In the listing below, the answer starts at the line that has "Viva la arquitectura" and stops after the line that has "Feliz Martes que"; please repeat that part exactly and nothing more.

::: DATA SHOWN

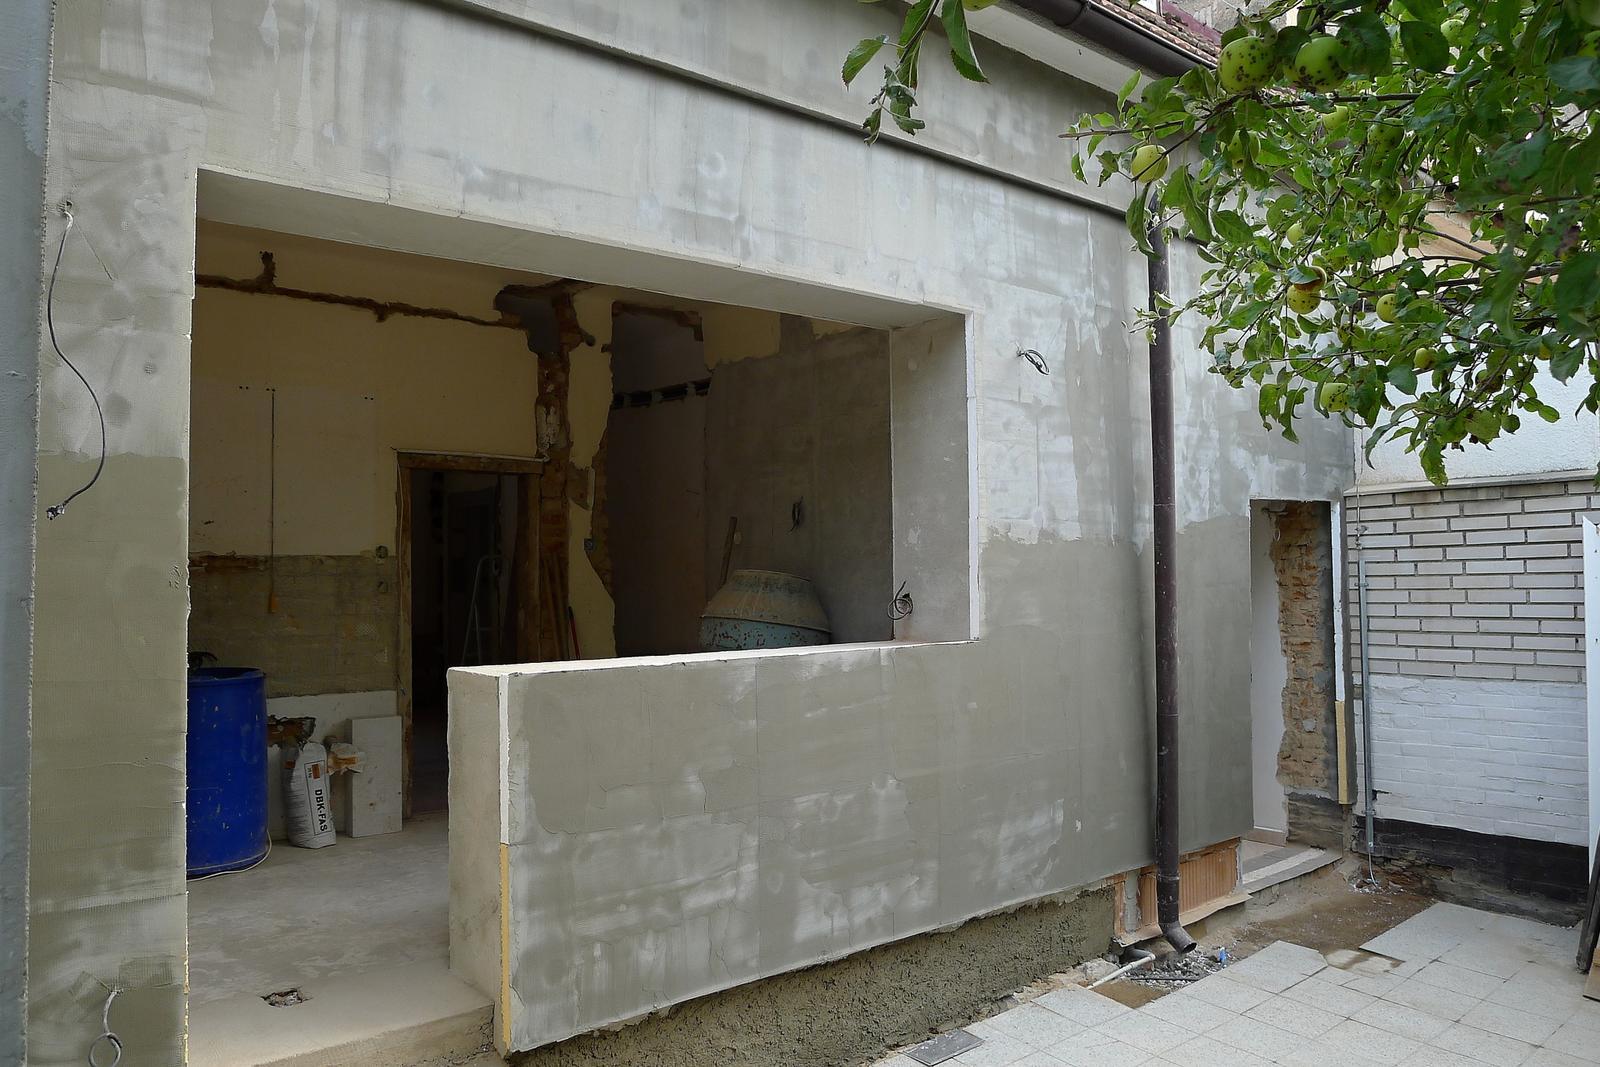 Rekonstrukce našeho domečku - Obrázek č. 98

::::::
::: DATA SHOWN

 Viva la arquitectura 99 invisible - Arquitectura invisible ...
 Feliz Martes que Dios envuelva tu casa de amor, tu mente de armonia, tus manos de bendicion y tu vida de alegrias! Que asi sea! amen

::::::

## REPLY TO THE EXERCISE
 Viva la arquitectura 99 invisible - Arquitectura invisible ...
 Feliz Martes que Dios envuelva tu casa de amor, tu mente de armonia, tus manos de bendicion y tu vida de alegrias! Que asi sea! amen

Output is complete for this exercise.